## WORK ITEM
Would you please output, word for word, the span of the listing below that opens on the line containing "Red Dot Design Award: The Block Set" and closes on the line containing "靴 野球用品 スワロースポーツ"? Include both ends and nothing more.

## DATA UNDER STUDY
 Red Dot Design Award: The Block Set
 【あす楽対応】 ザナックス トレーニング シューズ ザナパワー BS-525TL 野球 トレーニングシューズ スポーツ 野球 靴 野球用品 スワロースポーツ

--

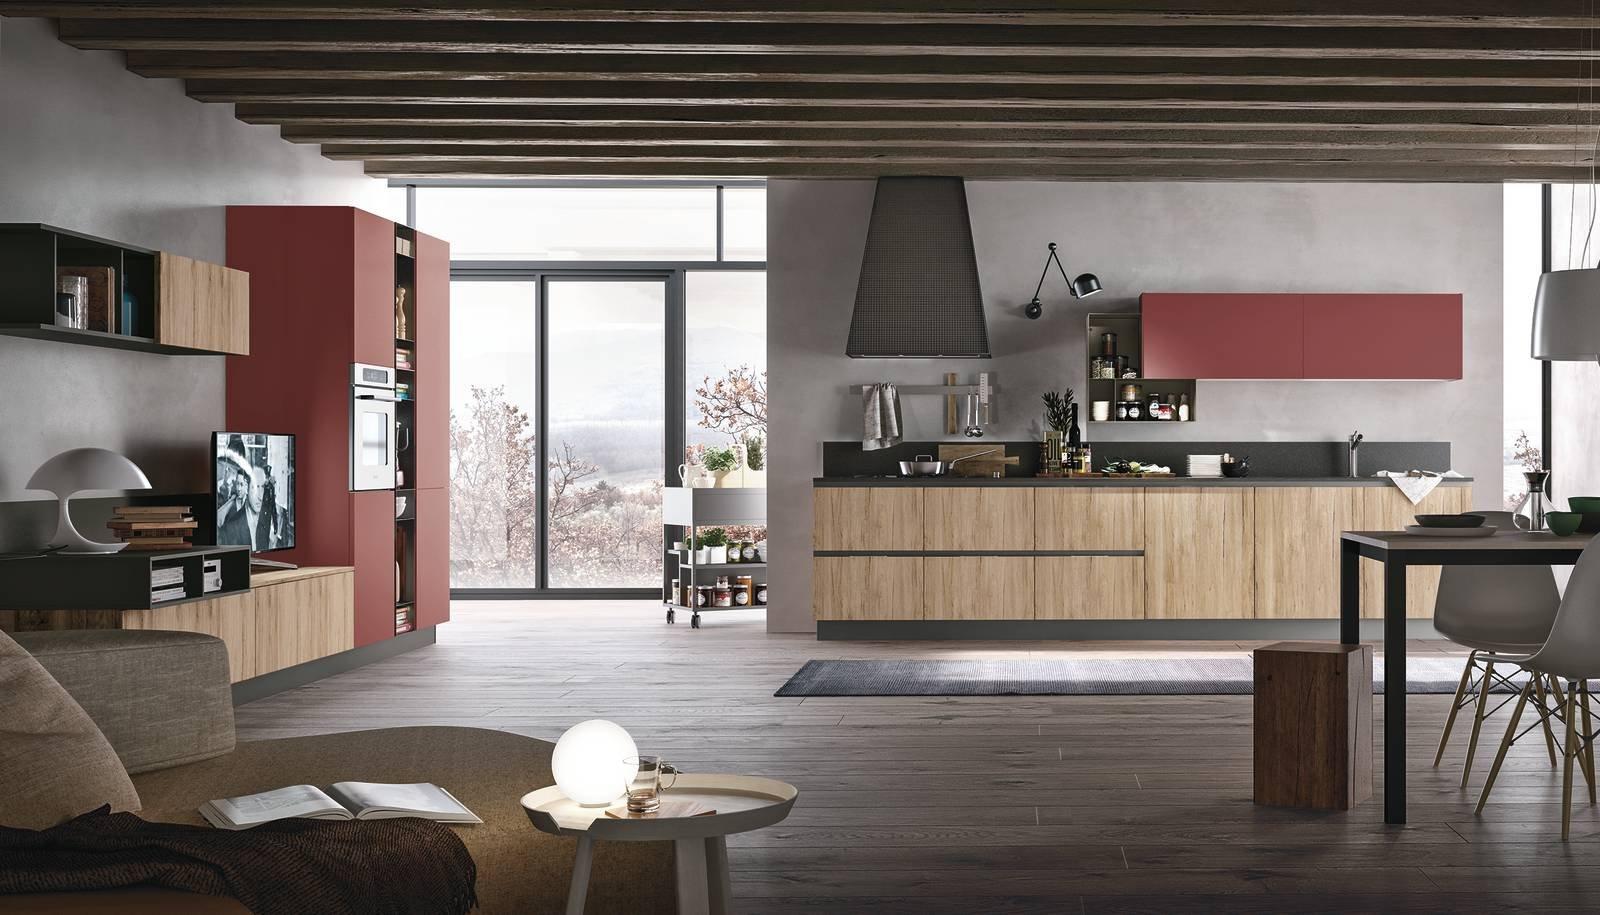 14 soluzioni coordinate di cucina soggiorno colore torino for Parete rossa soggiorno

## RESULT OF THE EXERCISE
 Red Dot Design Award: The Block Set
 【あす楽対応】 ザナックス トレーニング シューズ ザナパワー BS-525TL 野球 トレーニングシューズ スポーツ 野球 靴 野球用品 スワロースポーツ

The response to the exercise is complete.